Stripped of all the niceties liberally thrown around, the marketing presentation for a tourism recovery plan takes into account three stages of city life amid the continuing coronavirus threat: the Mitigation Stage, the Transition Stage, and the New Normal Stage. It is worth our collective while to be reminded of what had been submitted for national consideration, to wit:
“The entire Baguio community, as spearheaded by key officials, public and private, has been in shared soliidarity with national policies, as enforced by the local government, in combatting the ongoing Covid-19 pandemic affecting the country, through a series of measures generally meant to keep everyone out of harm’s way while the coronavirus contagion continues its national sweep.
“In the last quarantine levels till June 15th, the city response has been strategically encompassing and wide-ranging. The overall goal remains unswerving: keep the population out of health risk, reduce mobility from point to point, and restrain unnecessary travel out of home to only very essential needs for health and sanitation, food security, and medical requirements for self-protective wear and equipment by frontline service providers — doctors, nurses, medtechs, allied services, and other health workers.
“The Baguio Tourism Council is in shared solidarity with the business sector in expressing its readiness to comply with national and local guidelines when community quarantine restrictions are lifted.
“In the local economy’s transition into the New Normal, the BTC has prepared and expresses full readiness to launch a marketing program designed to re-brand Baguio as a tourism city made safe and secure by the collective discipline of its people, now better equipped to instill responsible tourism among residents and visitors alike.
“Why a RE-BRANDING FOR BAGUIO — Like all other re-opened businesses, the tourism industry will adopt a gradual entry into the New Normal, and adapt allowed activities to the continuing observance and strict enforcement of health and occupational safety protocols as the basic strategy in preventing transmission and infection.
“Necessarily, under a re-opened tourism business, marketing efforts will have to abide by the New Normal regulations put in place, such that defined directions must be in line with new practices consistent with Baguio’s prevailing health-protecting economic and social environment.

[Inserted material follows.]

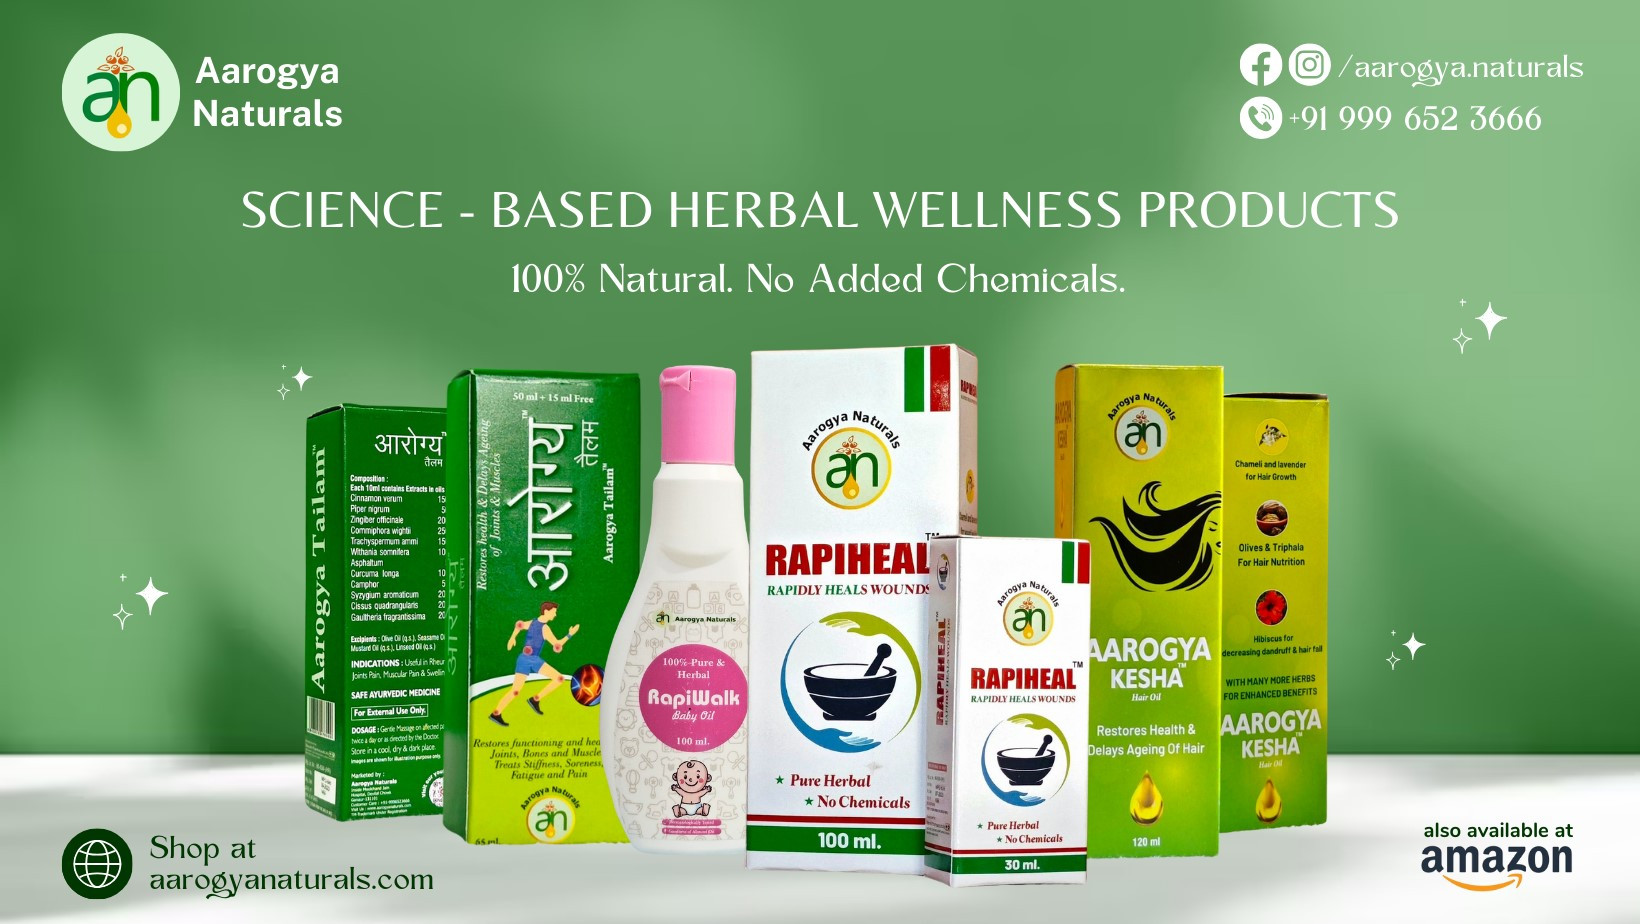 Aarogya Naturals | Science-Based All-Natural Health and Wellness Products

“Consequently, the traditional ways of promoting Baguio as a festival haven (Panagbenga Flower Festival, Cordillera festive celebrations of enduring rituals, etc.) will have to be set aside in favor of new marketing approaches carefully chosen for their thematic approximation of the New Normal.
“Re-branding Baguio towards the defined marketing thrust will serve to focus on new assets (what Baguio has in unique dominance over other tourist destinations) and new ways that will attract targeted markets (a rejuvenating natural environment, a safe and secured well-nourishing experience of sharing and caring, and a desire to be part of Baguio’s enriching cultural heritage that is sustainably anchored on creatively felt diverse customs, traditions, and arts in existential harmony with each other).
From what has been the well-defined considerations, it is crystal-clear that the basic question to posit is the execution aspect of the plan. How will this be expressed and to whom and in what stages? When will these be conveyed and communicated as an underlying messaging strategy? What projects, programs, events and activities can be undertaken without compromising inherently laid and strategically rationalized public health protocols? Will large crowd-gathering events be held, if at all?